At least a gloomy day has its own kind of beauty in the woods.

It’s a gloomy day outside, and I don’t feel like doing anything. Even the dog is apathetic, with just a desultory tail waggle when I let her outside. Maybe the isolation is getting to me. It’s not just two days. My elderly mother, who is doubly vulnerable with asthma, and I have been pretty much self-isolating for two weeks now.

You don’t realize how much you get out of simple interactions, like nodding to the person monitoring the self-checkout lane, until you don’t have them.

Mom and I cut the cable some time ago, so we have been watching The News Hour as it is uploaded in the evenings, and Amanpour and Company in the mornings. This morning (to us) Christiane interviewed David Kessler, who was involved in identifying the five stages of grief and is now proposing a sixth (finding meaning).

Kessler posits that right now we are all grieving. We are grieving the changes to our world. He says grief can be described as a reaction to a change we don’t like. This feels about right to me. There are many changes now that none of us like. And it is fair to say we have lost the world as we knew it for the foreseeable future.

But I can’t let myself get too glum. I only have to compare my situation to that of prior generations to feel pretty lucky. Before vaccines and modern supportive medical equipment, it wasn’t just the 1918 flu sending the grim reaper to stalk the streets. Measles, mumps, rubella, and pertussis carried children off in recurring waves. Cholera swept through communities when the water supply was contaminated. Polio claimed lives and mobility. And of course, Balto had to save Nome, Alaska from diphtheria.

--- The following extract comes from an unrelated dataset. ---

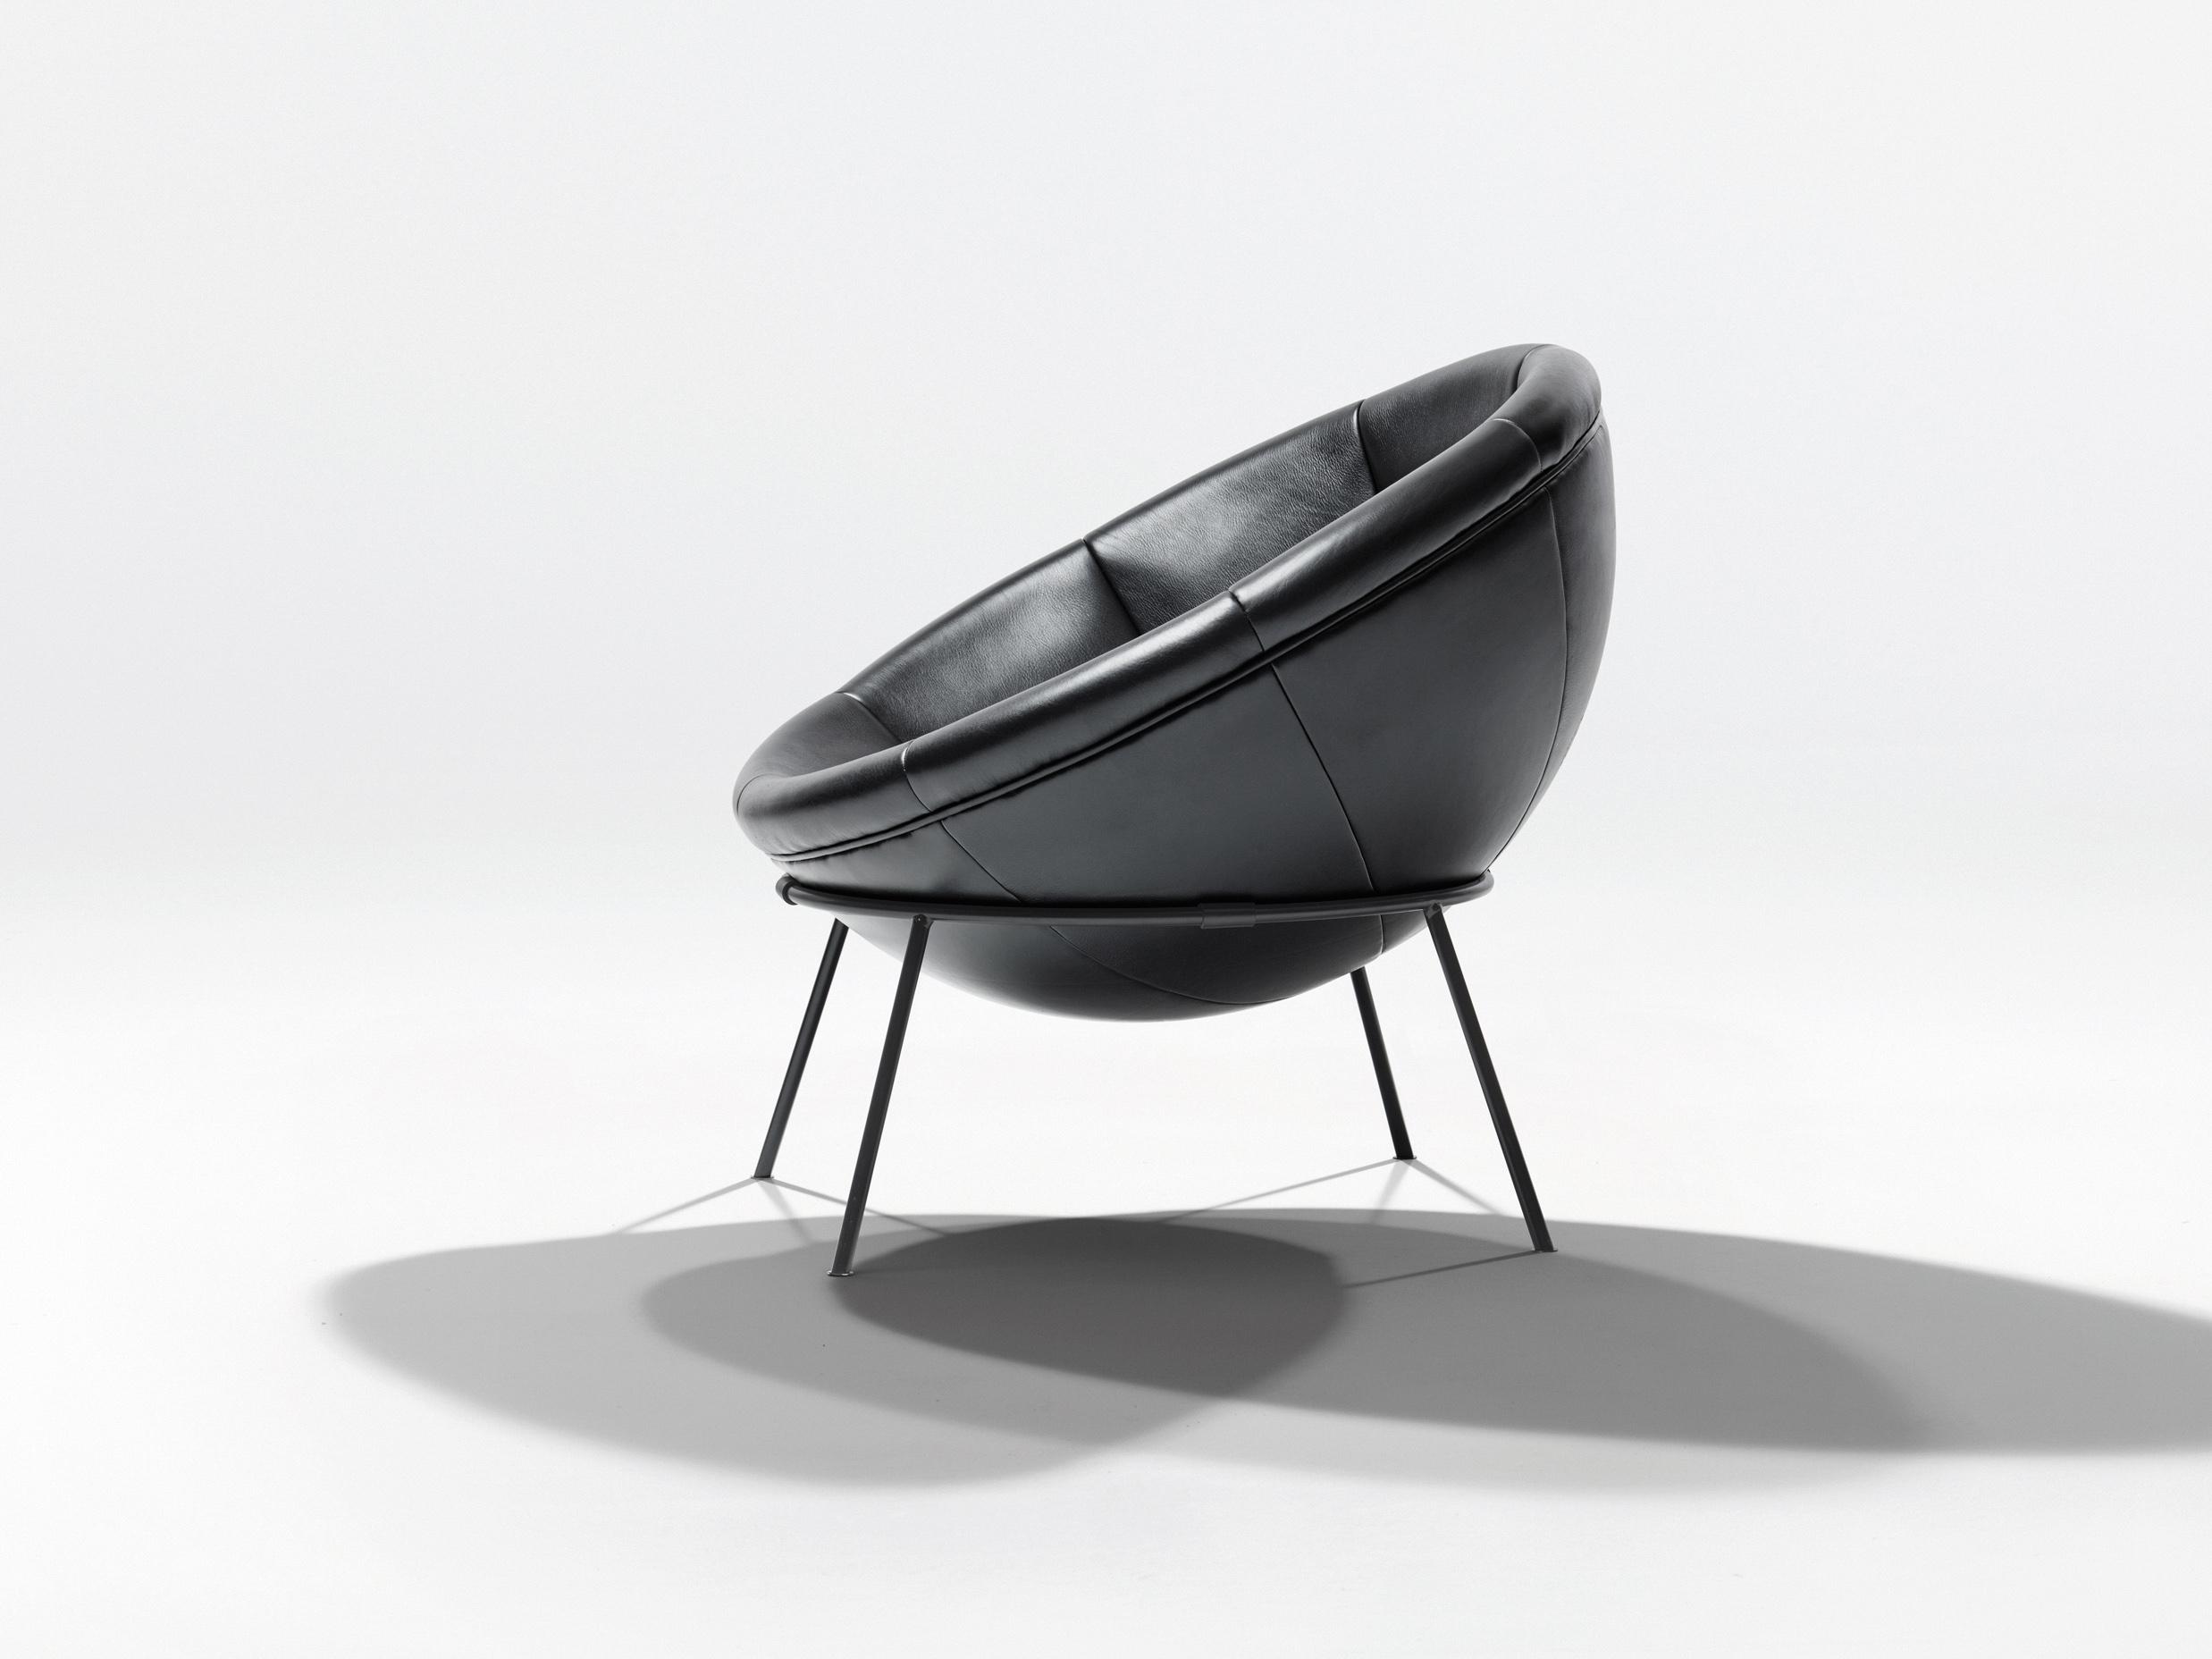 Bowl chair lina bo bardi klat for Lina bo bardi bowl

And it isn’t just the medical advances that make this a pretty good time to be holed up at home. Can you imagine being on a stay at home order even in the 80s, before the internet? What about before ubiquitous cable? What about before TV? What about before radio? Isolation could be so much more isolated!

In the modern world, we can be isolated together.

Signing off. Stay safe, everyone, and take care of you and yours.